Как раз при этих словах явился еще один гость — сухощавый и именно из-за этой сухощавости стройный и крепкий, будто юноша, старик с Золотою Звездой Героя Социалистического Труда. Харитон не знал, что это дедушка Журавлев, но с первого взгляда, а вернее, с первой фразы, которую тот произнес в ответ на слова главного инженера, он понравился Харитону.
— Правильно, Петр Артемьевич, оставить надобно много, но не все переиначивать, а то что же тогда будут делать те, что придут после нас?
Дедушку Журавлева охотно поддержали, и разговор сразу перешел на то, что́ должны в будущем делать неопытные потомки. Высказывались сомнения, так ли успешно, как и предыдущие поколения, выполнят они свои задачи.
— Выполнят! — уверенно произнес дедушка Журавлев.
Гости, разбившись на группы, беседовали, а тетя Клава и еще какая-то женщина выставляли все, что нашлось, на стол. Трапеза оказалась более чем скромной. Гости подходили к столу со строгими лицами, снова предавались воспоминаниям, всячески старались если не словом, то видом своим выказать сочувствие хозяевам в их горе.
Первым взял слово дедушка Журавлев.
— Подымем по нашему славянскому обычаю бокалы в память усопшего свата моего Андрея, человека великой и чистой, будто капля этого вина, души. И пусть земля ему будет пухом, и пусть простит меня, что не смог его в последний путь проводить. Пусть не скучает там, скоро увидимся…
Гости пригубили бокалы. Харитон, забившись в угол, раздумывал над словами дедушки Журавлева. Они раскрыли ему что-то доселе неизвестное, то, о чем он никогда и не думал. Вон как оно выходило! Где Боровое, а где Донбасс, сколько меж ними речек, полей и лесов. Это только самолет смог так быстро перебросить человека из одного места в другое. В давнюю пору, когда на волах ездили, все лето пришлось бы преодолевать это расстояние. И вот, несмотря на то что так далеко Боровое от Новотуржанска, и здесь знают дедушку Андрея, вспоминают о нем как о родном. А может, и в самом деле смерти не существует? Может, и в самом деле это, как говорит дядя Вадим, жизненная неизбежность, закон бытия? Если человек исчезает, то добрая память о нем сберегается в сердцах живых, а дела, совершенные им, никогда не забываются, как не забывается все хорошее.

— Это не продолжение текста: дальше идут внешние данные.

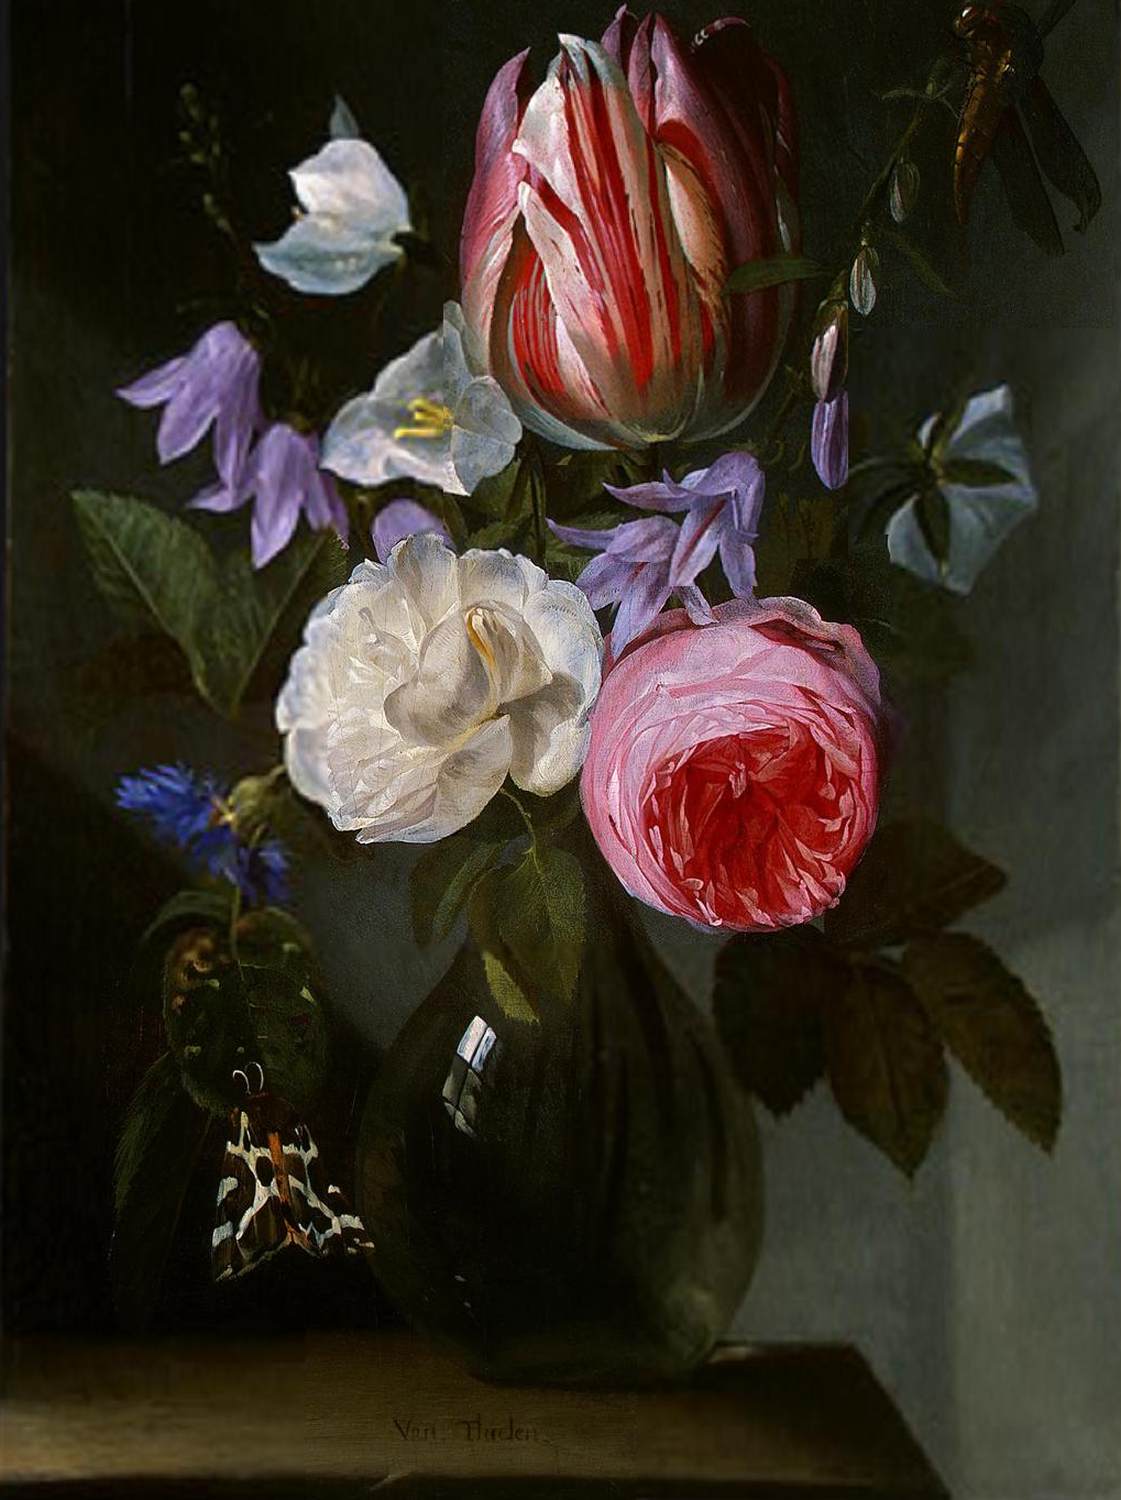 Roses and a Tulip in a Glass Vase

Харитон невольно следил за дядей Вадимом. Он и здесь был молчаливым — если и обронит слово, то изредка. Но, как заметил мальчуган, это было слово весомое, к которому внимательно прислушивались. И еще заметил Харитон, что дядя Вадим был авторитетом, старшим, человеком, который и не должен попусту бросаться словами.
Гости не засиделись; очевидно, понимали, что их присутствие — лишняя забота для хозяев. Прощаясь, еще раз посочувствовали их горю и отправились по домам.
Остался один Макар Ерофеевич.
— Неожиданно… так неожиданно, — вздохнул он.
— Что поделаешь? — пожал плечами Вадим Андреевич.
— До обидного рано и нежданно-негаданно помираем, — возбужденно говорил, шагая по комнате, старый металлург.
Ему не возражали. Дочка и зять с ним были согласны, а Харитон в разговор не вмешивался. Он внимательно присматривался к дедушке Журавлеву. Макар Ерофеевич ему нравился. Ляна не раз рассказывала, какой у нее особенный и заслуженный дедушка, как он умело отливал сталь, чем выделялся среди других сталеваров и как его уважают в Новотуржанске. Запомнилось Харитону, как тепло светились глаза у дедушки Андрея, когда он сказал:
«Макар Ерофеич — человек особой закваски, он и сам будто отлит из стали. Да только ведь кто знает, придется ли еще повидаться…»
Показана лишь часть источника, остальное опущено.